On the Review page, review and confirm the template settings. Under Capabilities, select all of the check boxes to acknowledge that the template creates AWS Identity and Access Management (IAM) resources that might require the ability to automatically expand macros.
Choose Create stack. The stack takes about 5 minutes to deploy.
Monitor the stack’s status, and when the status is CREATE_COMPLETE, the Amazon SageMaker with guardrails deployment is ready.
To view the created resources, choose the Outputs tab.

Postdeployment steps

Optionally deploy as a Service Catalog product

After the base infrastructure is configured by the CloudFormation template, data scientists and other users can assume the IAM role (SCEndUserrole) or group that was provided in the CloudFormation output when launching the Service Catalog and then launch SageMaker.
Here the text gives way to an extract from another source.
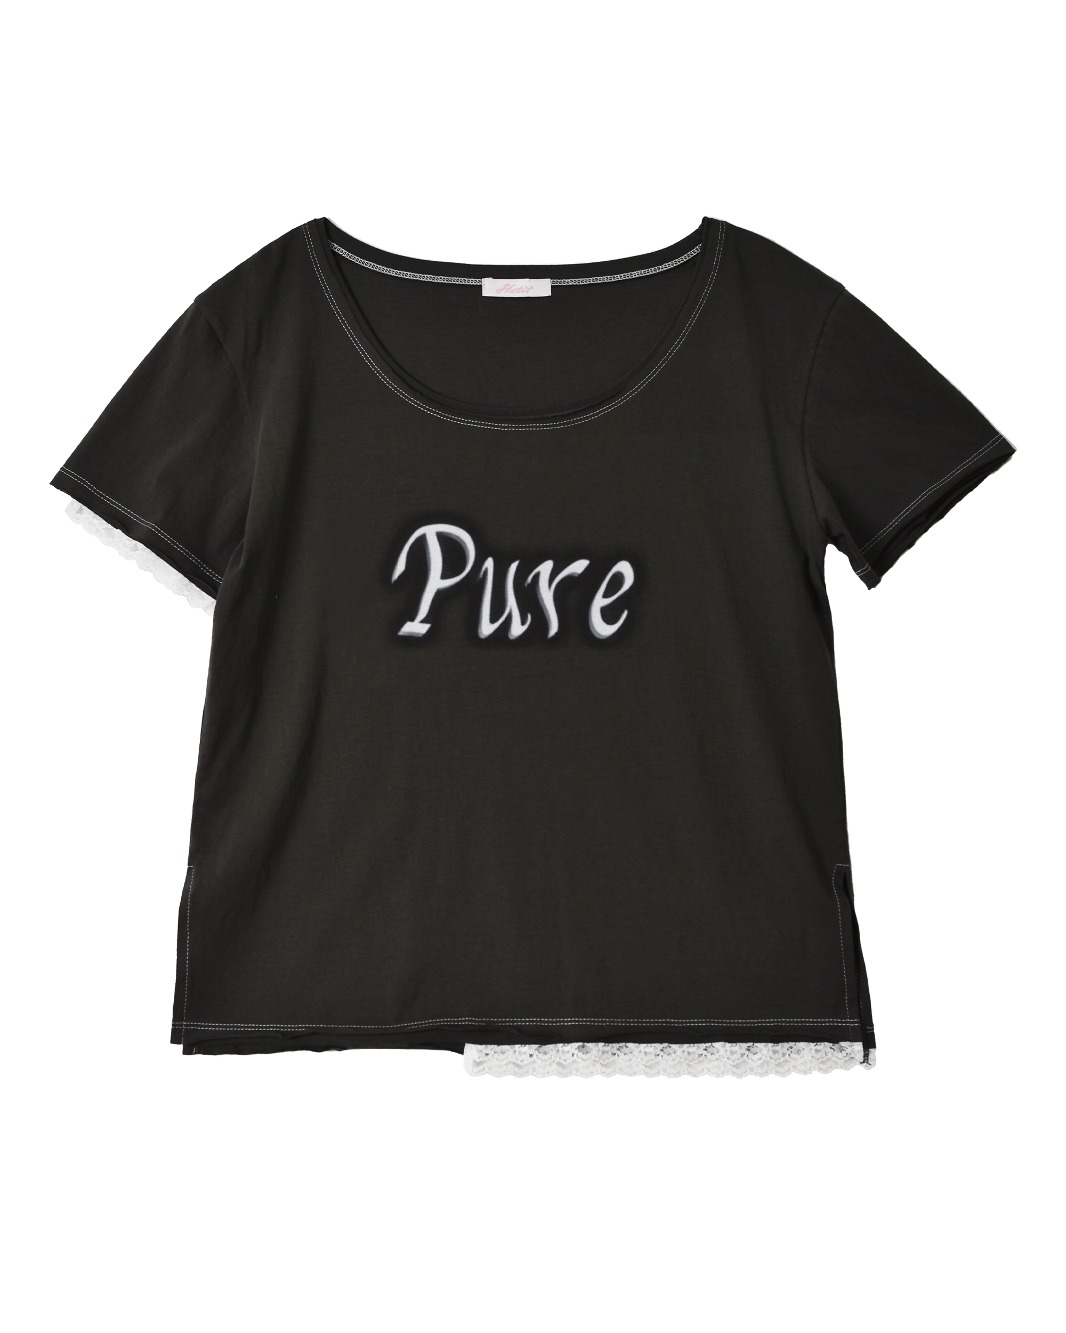 Pure Grunge T-shirt (Charcoal)

Be sure to specify the same environment name that is provided in the CloudFormation template.

Troubleshooting

For troubleshooting common Partner Solution issues, refer to the AWS Partner Solution General Information Guide and Troubleshooting CloudFormation.

Customer responsibility

After you deploy a Partner Solution, confirm that your resources and services are updated and configured—including any required patches—to meet your security and other needs. For more information, refer to the Shared Responsibility Model.

Feedback

To submit feature ideas and report bugs, use the Issues section of the GitHub repository for this Partner Solution. To submit code, refer to the Partner Solution Contributor’s Guide. To submit feedback on this deployment guide, use the following GitHub links:

Notices

This document is provided for informational purposes only. It represents current AWS product offerings and practices as of the date of issue of this document, which are subject to change without notice. Customers are responsible for making their own independent assessment of the information in this document and any use of AWS products or services, each of which is provided "as is" without warranty of any kind, whether expressed or implied. This document does not create any warranties, representations, contractual commitments, conditions, or assurances from AWS, its affiliates, suppliers, or licensors. The responsibilities and liabilities of AWS to its customers are controlled by AWS agreements, and this document is not part of, nor does it modify, any agreement between AWS and its customers.

The software included with this paper is licensed under the Apache License, version 2.0 (the "License"). You may not use this file except in compliance with the License. A copy of the License is located at https://aws.amazon.com/apache2.0/ or in the accompanying "license" file. This code is distributed on an "as is" basis, without warranties or conditions of any kind, either expressed or implied. Refer to the License for specific language governing permissions and limitations.